The Ontology for Biomedical Investigations (OBI), developed as a global, cross-community effort, provides a resource that represents biomedical investigations in an explicit and integrative framework. Here we detail three real-world applications of OBI, provide detailed modeling information and explain how to use OBI.
We demonstrate how OBI can be applied to different biomedical investigations to both facilitate interpretation of the experimental process and increase the computational processing and integration within the Semantic Web. The logical definitions of the entities involved allow computers to unambiguously understand and integrate different biological experimental processes and their relevant components.
OBI is available at http://purl.obolibrary.org/obo/obi/2009-11-02/obi.owl
Biomedical investigations use empirical approaches to investigate causal relationships among a large range of variables. The wide range of possible investigations presents a number of challenges when building tools to describe experimental processes. There are varying levels of complexity and granularity and a wide range of material and equipment is used. Furthermore, the use of varying terminology by different communities makes data integration problematic when representing and integrating biomedical investigations across different fields of study. The use of ontologies has been successful in biological data integration and representation [1, 2] and there have been multiple efforts to develop ontologies aimed at providing clearer semantics for data (GO, FuGO, MGED, EXPO, LABORS, MSI ontology) [3–8]. Work in the transcriptomics, proteomics and metabolomics communities has proceeded in parallel, producing ontologies with overlapping scopes.
Though each focuses on particular types of experimental processes, many terms, such as investigation and assay, are common to all. Merging common aspects of these formalisms is useful as it provides a mechanism by which terms can be used and understood by all, reducing ambiguity and difficulties associated with post-hoc attempts to integrate data.
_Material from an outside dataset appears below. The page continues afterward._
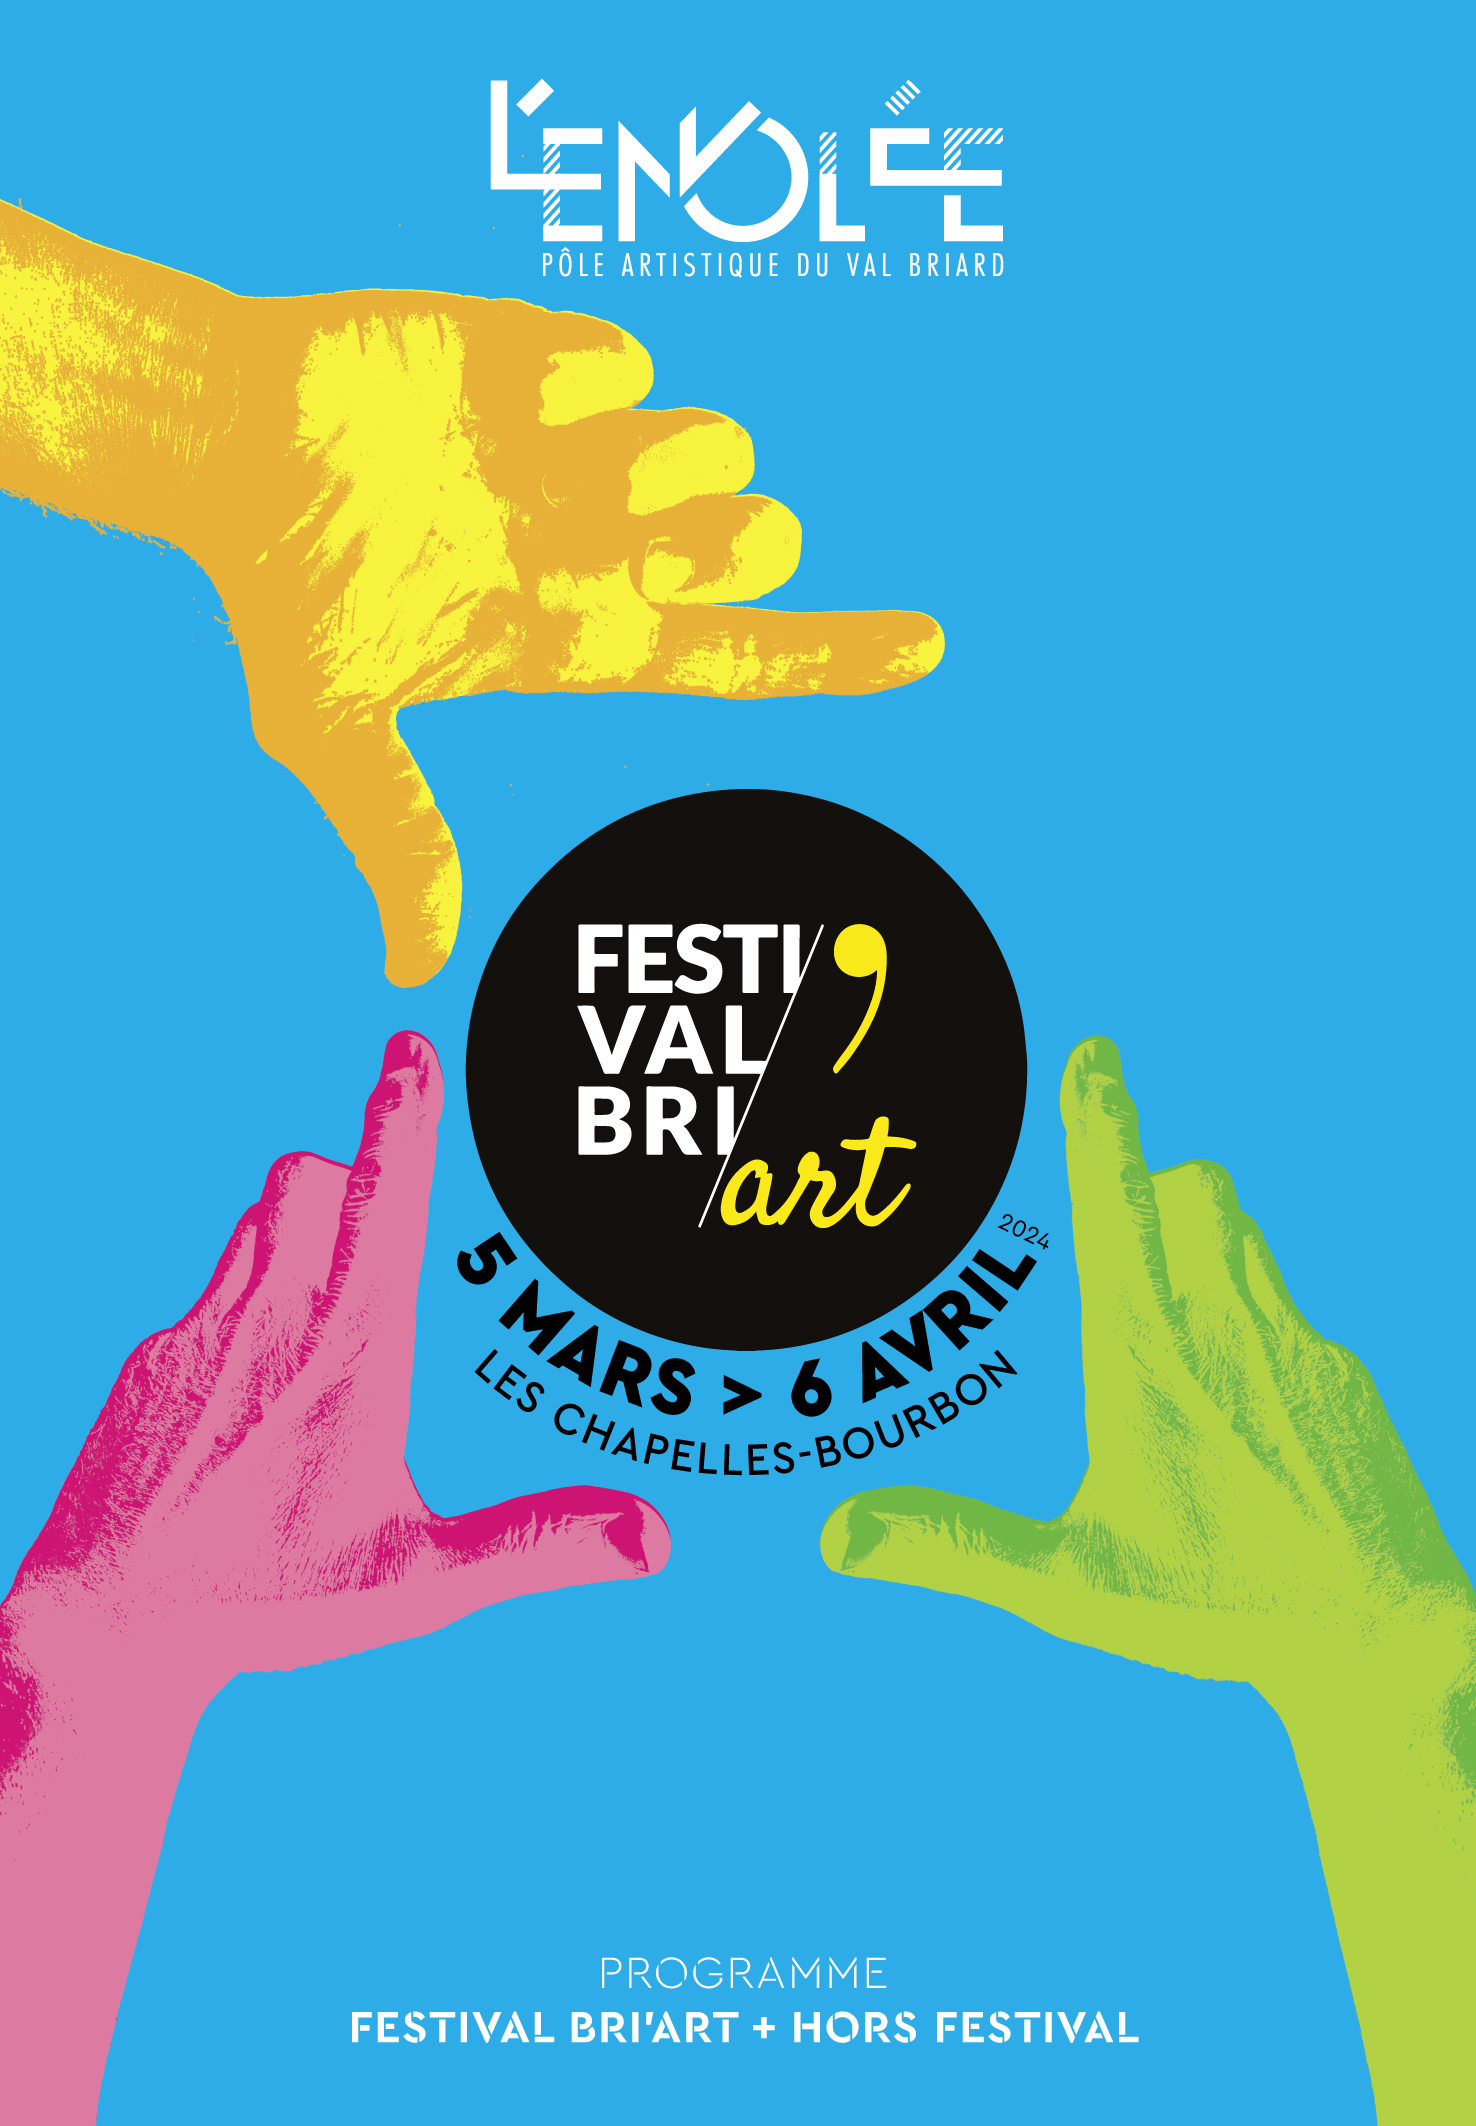 Festi’Val Bri’Art : 5 semaines de spectacles (concert, théâtre, comédie musicale, clown, danse, cirque…)pour 5 € et 3 €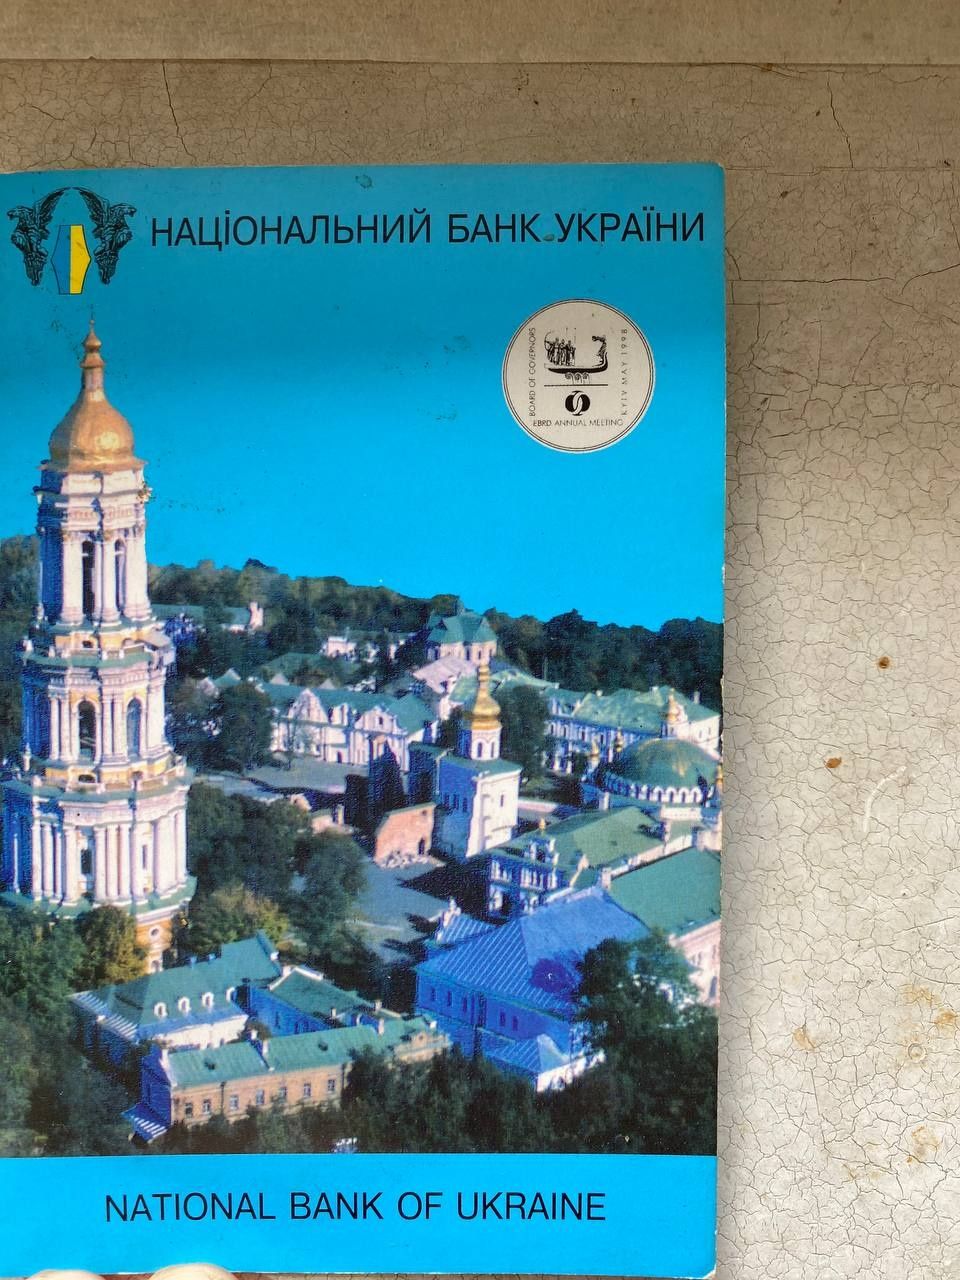 Продам монету, посвященную съезду ЕБРР в Киеве

The practice of consolidating representations is endorsed by organizations such as the OBO Foundry  which requires all member ontologies to define a term only once among them (orthogonality). OBO Foundry members use a common set of relations from the Relations Ontology , and the upper level Basic Formal Ontology (BFO)  in order to facilitate cross ontology consistency and to support automated reasoning . OBO ontologies adhere to common naming conventions  in order to make it easier to learn and understand them.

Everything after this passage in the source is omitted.